Work required:
Every line of the material must be restated exactly, though not its pictures.

Source material:
-- Opening Marker --

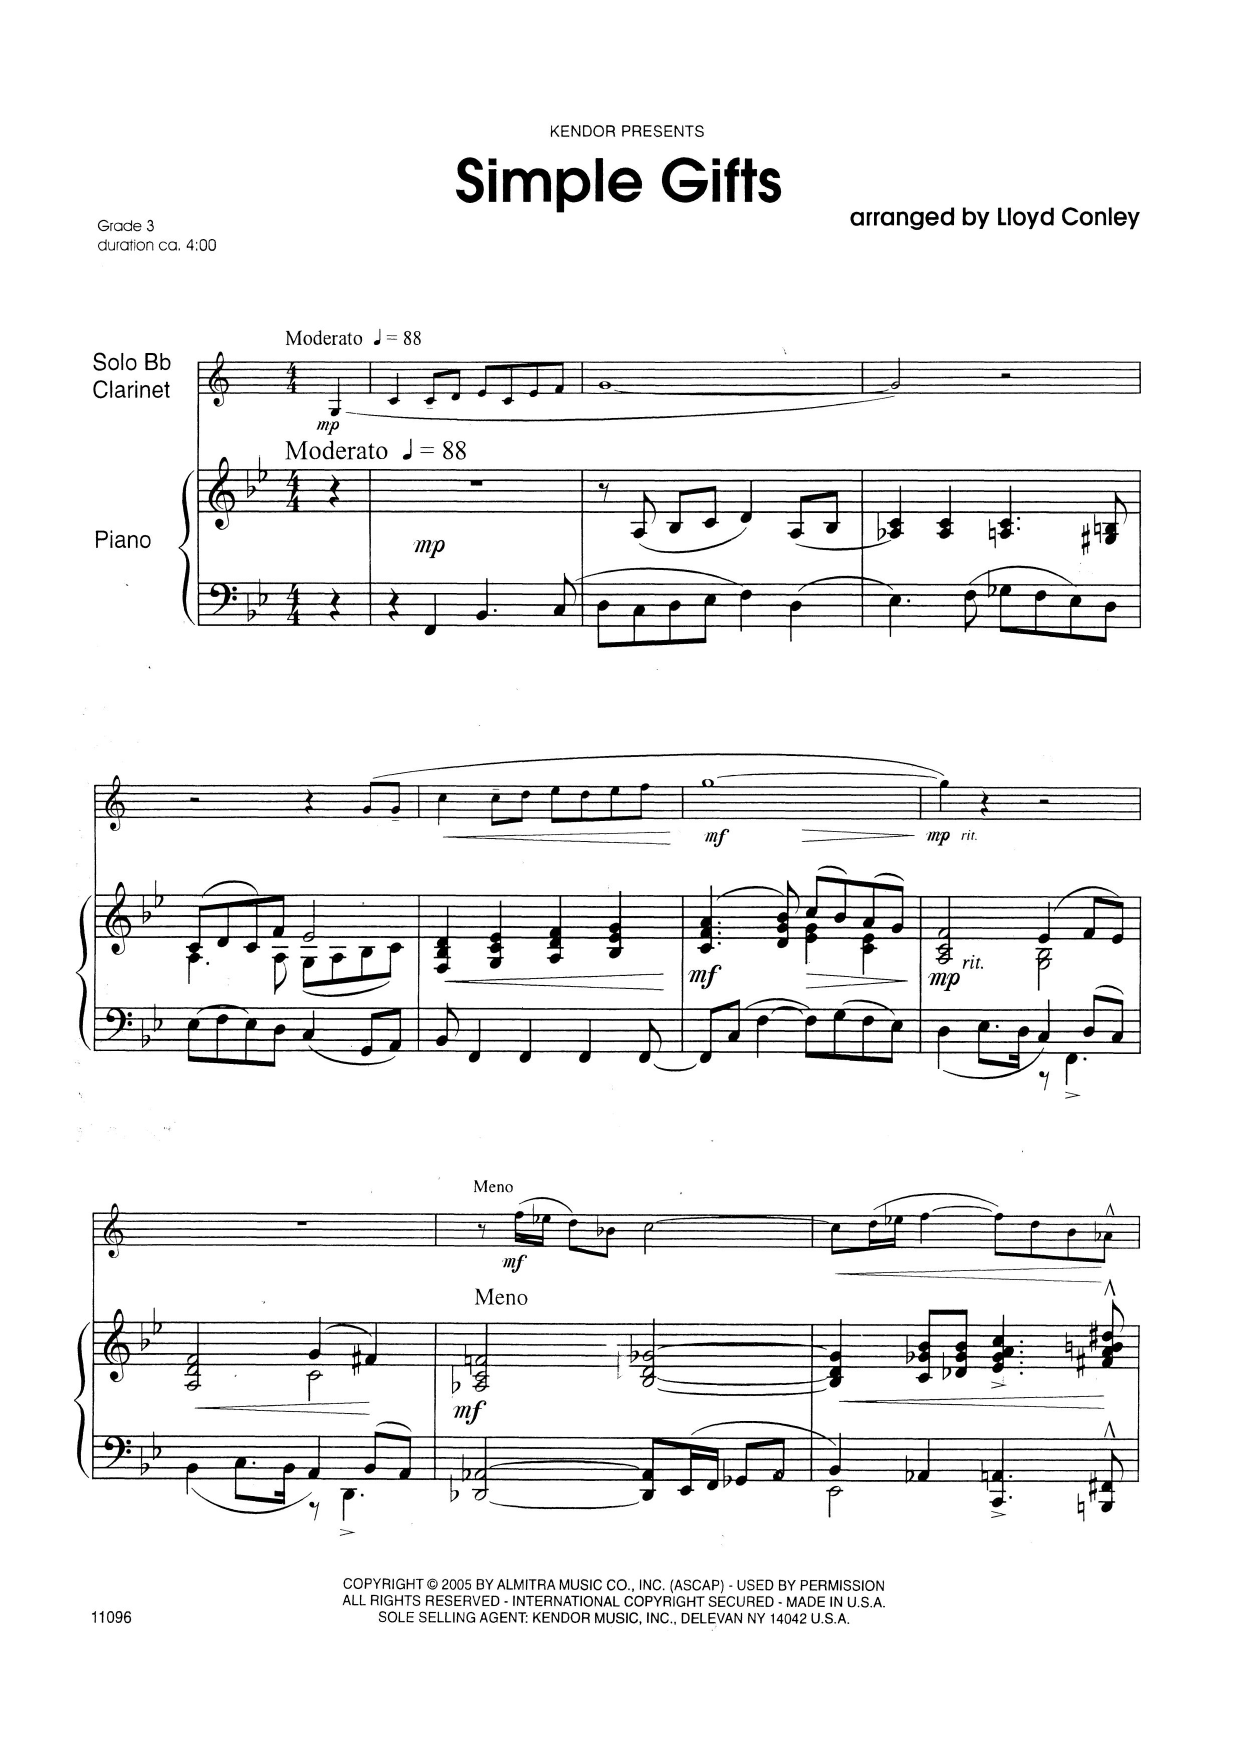 Download Lloyd Conely Simple Gifts - Piano Sheet Music
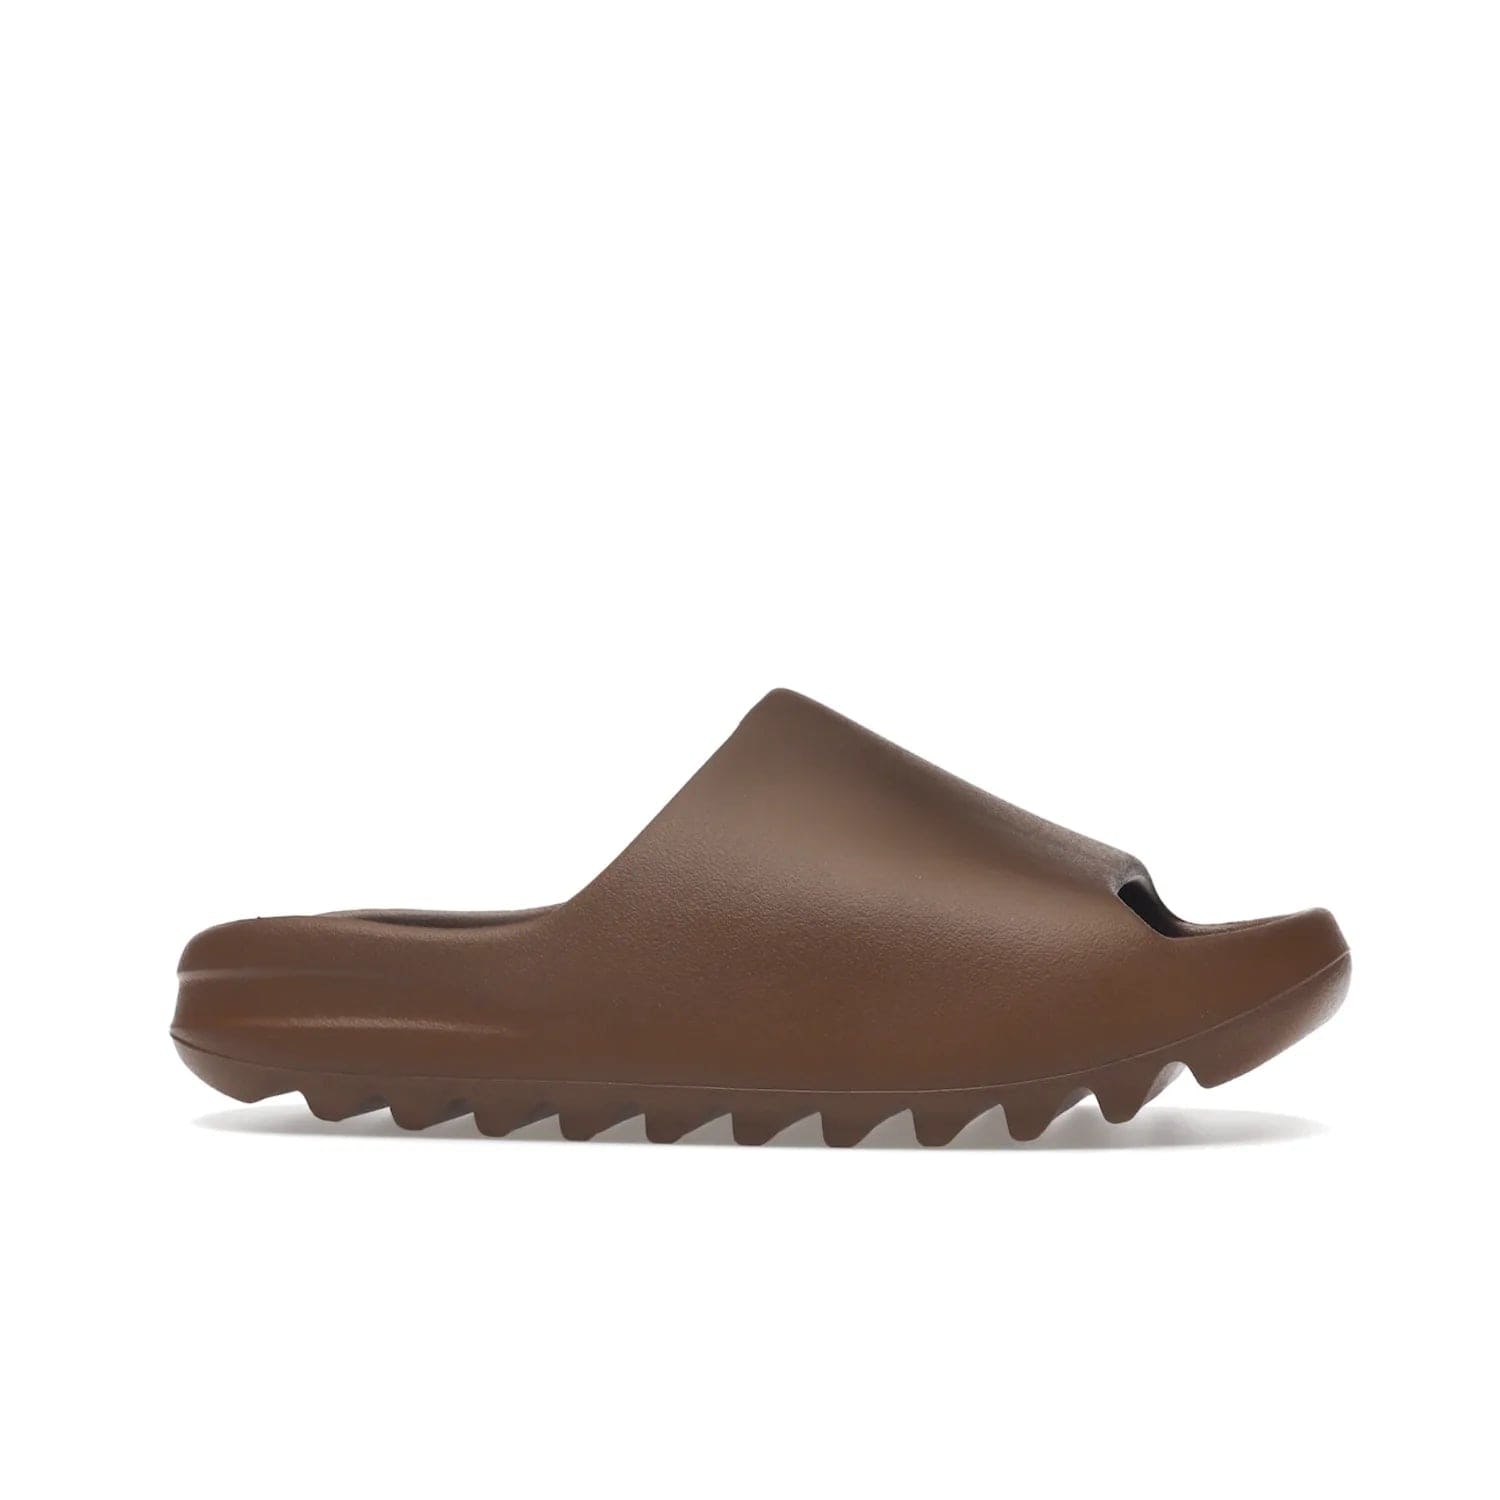 adidas Yeezy Slide Flax - Image 2 - Only at www.BallersClubKickz.com - Score the perfect casual look with the adidas Yeezy Slide Flax. Made with lightweight injected EVA plus horizontal grooves underfoot for traction. Release on August 22, 2022. $70.
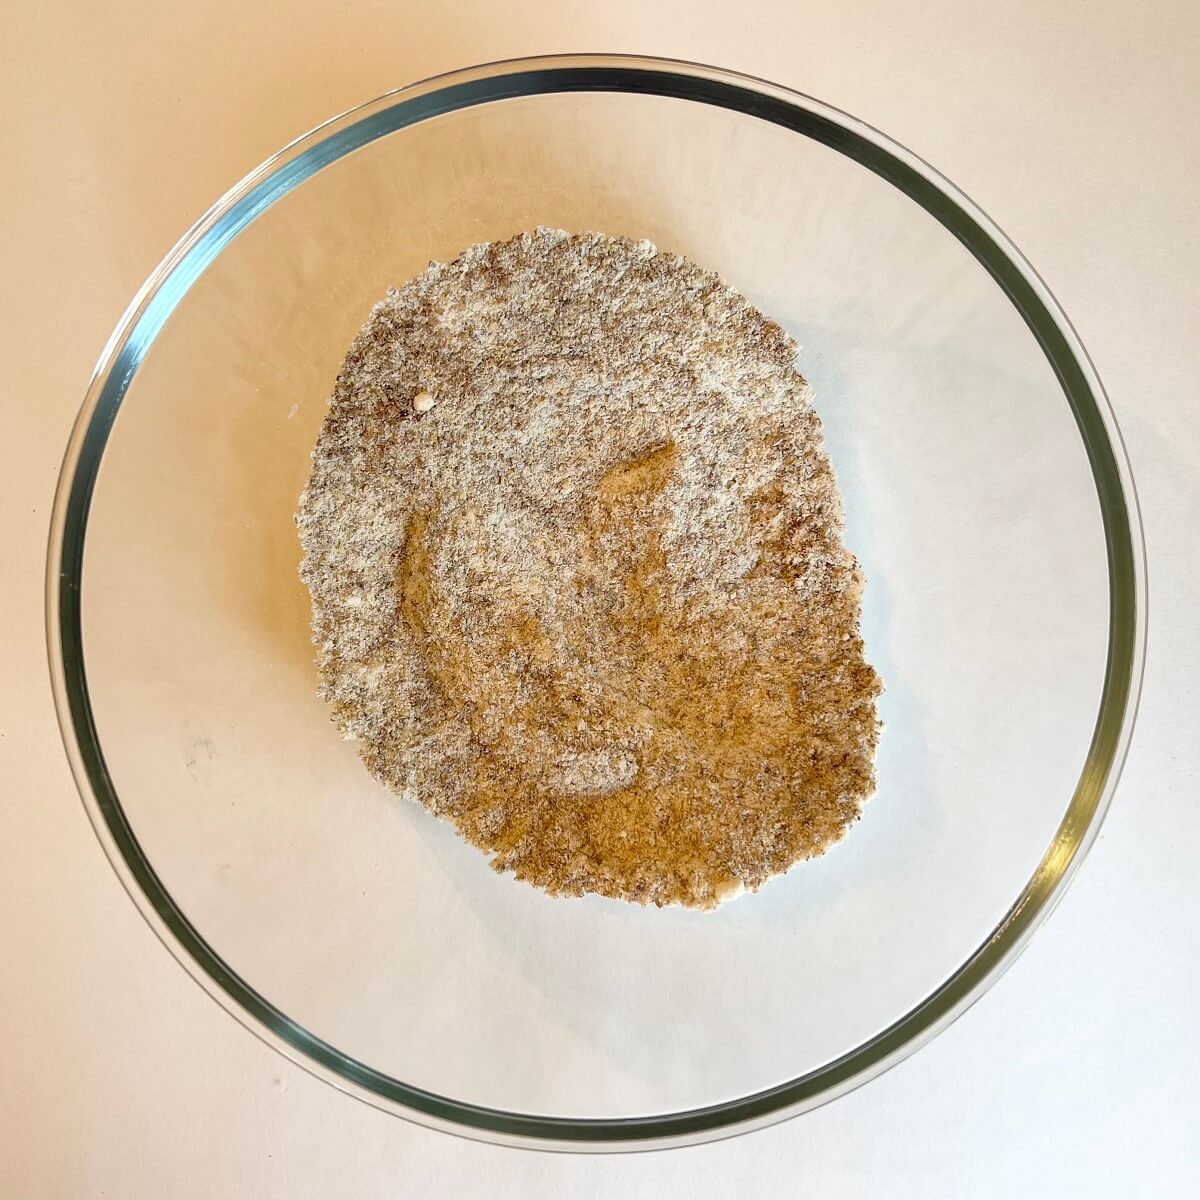 Dry ingredients for donuts in a glass bowl.

-- Closing Marker --

Answer area:
 Download Lloyd Conely Simple Gifts - Piano Sheet Music
 adidas Yeezy Slide Flax - Image 2 - Only at www.BallersClubKickz.com - Score the perfect casual look with the adidas Yeezy Slide Flax. Made with lightweight injected EVA plus horizontal grooves underfoot for traction. Release on August 22, 2022. $70.
 Dry ingredients for donuts in a glass bowl.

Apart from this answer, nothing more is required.